Sicherlich ist es für die Masse der Läufer sinnvoll, statt zu Laufen lieber zur Regeneration komplett trainingsrei zu nehmen oder Alternativtraining zu absolvieren. Viele bezeichnen solche Läufe auch als “Junk-Miles”, andere wiederum verfechten die Auffassung “Every mile counts”. Für mich als Streak-Runner, der täglich läuft und seine Serie nicht reissen lassen will, müssen solche Läufe sein, die ganz bewußt sehr langsam, mit moderater Streckenlänge und in ebenem Gelänge absolviert werden.

Für mich sieht so ein Regenerationslauf z.B. so aus, daß ich maximal 45 min. mit maximal 70% der HFmax locker und entspannt dahintrabe. Ob mich bei diesem Tempo übergewichtige Omis oder Nordic Walker überholen, ist mir völlig wurscht: Dieser Lauf hat ein Ziel: aktive Erholung, das Auslockern der Muskulatur nach tags zuvor harten oder langen Einheiten.

Alternativtraining

Die Amis nennen es “Cross-Training”, was aber mit Cross-Lauf nichts zu tun hat. Allternativtraining heißt “Fremdgehen”. Eine andere Sportart betreiben, anstatt einen Lauf zu absolvieren. Als besonders geeignet erscheinen dabei:

  • Radfahren
  • Schwimmen
  • Inline-Skating
  • (Berg-)Wandern
  • Ski-Langlauf
  • Aqua-Jogging
  • Krafttraining mit Gewichten

Alternativtraining kräftigt durch das Laufen vernachlässigte Muskelgruppen und verbessert so die Grundkonstitution. Insbesondere beim Schwimmen und Aqua-Jogging  ist die Belastung des Bewegungsapparates durch den Auftrieb im Wasser mäßig und ermöglicht so eine verbesserte Regeneration von den Belastungen des Lauftrainings. Da aber jede Sportart die Muskulatur anders beansprucht, erzeilt man lediglich einen allgemeinen Trainingseffekt - z.B. für den Fettstoffwechsel oder das Herz-Kreislauf-System - aber keinen laufspezifischen Effekt. Es ist also nicht möglich, Laufen alleine durch Radfahren oder Schwimmen zu trainieren - Laufen lernt und trainiert man nur durch Laufen.
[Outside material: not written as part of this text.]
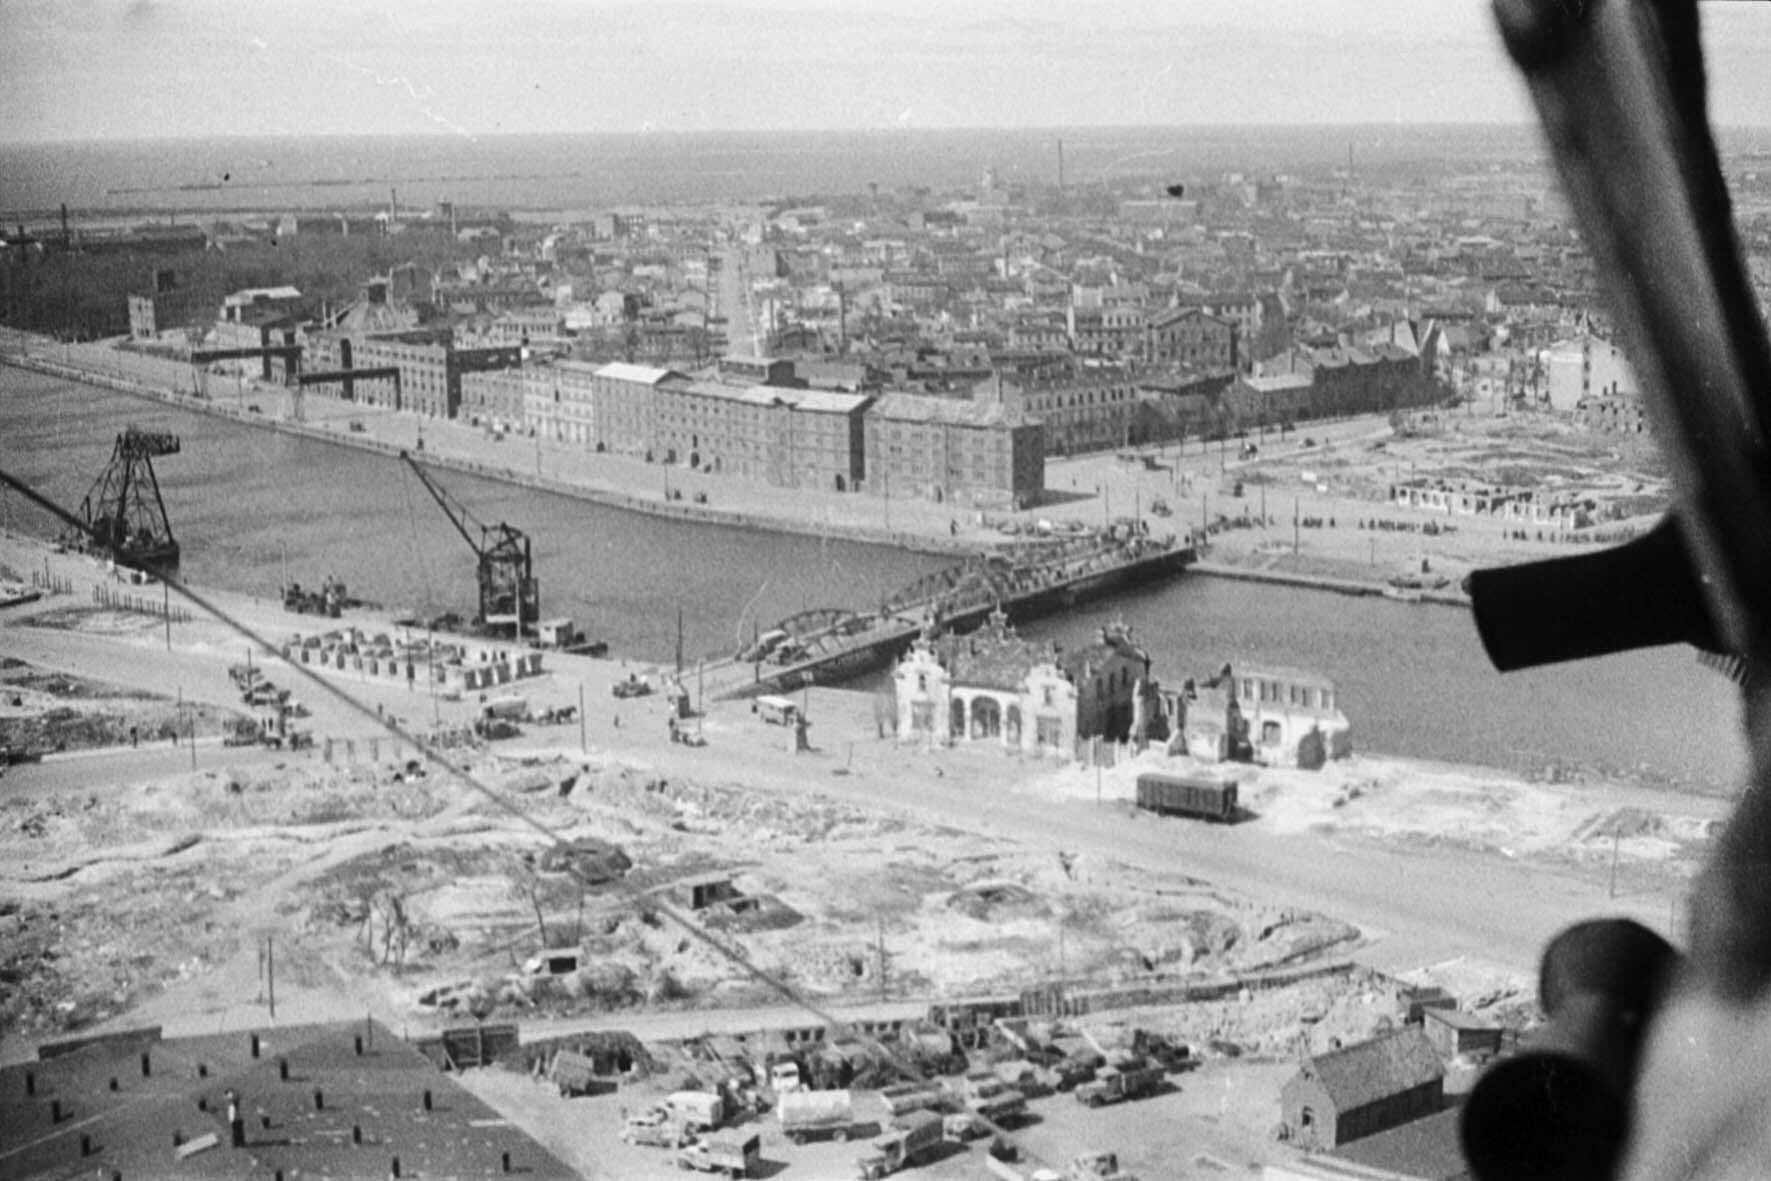 Luftaufnahme vom Hafen der Stadt Libau, Kurland/Lettland, 9. Mai 1945 (Museum Berlin-Karlshorst RR-P)

“Nordic Walking” hätte ich jetzt beinahe vergessen - hier rate ich zusätzlich zu den Stöcken eine Narrenkappe und eine Pappnase zu erwerben,damit der Auftritt angemessenen Stil hat.

Ohne Ironie: Wenn das Ausgeben unanständiger Geldbeträge für Spazierstöckchen unsportliche Menschen motiviert, sich mehr zu bewegen als bislang in ihrem Leben, wo schon die Suche nach der Fernbewegung zu Schweißausbrüchen führte - schön und gut. Lieber Nordic Walking als gar keine Bewegung, um bewußt den Begriff Sport zu vermeiden.

Ansonsten meine ich, man sollte seinen gesunden Menschenverstand nicht gänzlich verlieren: Ein Spaziergang in flottem Schritt bringt auch ohne Karbonstecken, spezielle Schlaghosen und umdesignten Laufschuhen einen vergleichbaren Effekt. Die Wirkung des Stockeinsatzes auf den Oberkörper wird bei weitem überschätzt und ist mit dem Vorschub beim Skilanglauf nicht einmal ansatzweise vergleichbar. Nur: Womit soll dann die Fitnessindustrie neue Umsatzpotenziale erschliessen? Spezielles Equipment, Seminare, Special-Interest-Magazine, etc.- das ist der Stoff aus dem Millionenträume gemacht sind. Ist deshalb das nordicfreie Walking nie so recht in Schwung gekommen?

Halten Sie mich ruhig für intolerant: Für mich sind und bleiben Nordic-Walker (vor allem in Gruppen) eine Landplage die uns ästhetisch, leise und geschmeidig dahingleitenden Läufern die Wege verstopfen und mit dem scharrenden Klack-Klack-Klack ihrer Gehhilfen einer naturgenußbeeinträchtigenden Kakophonie aussetzen.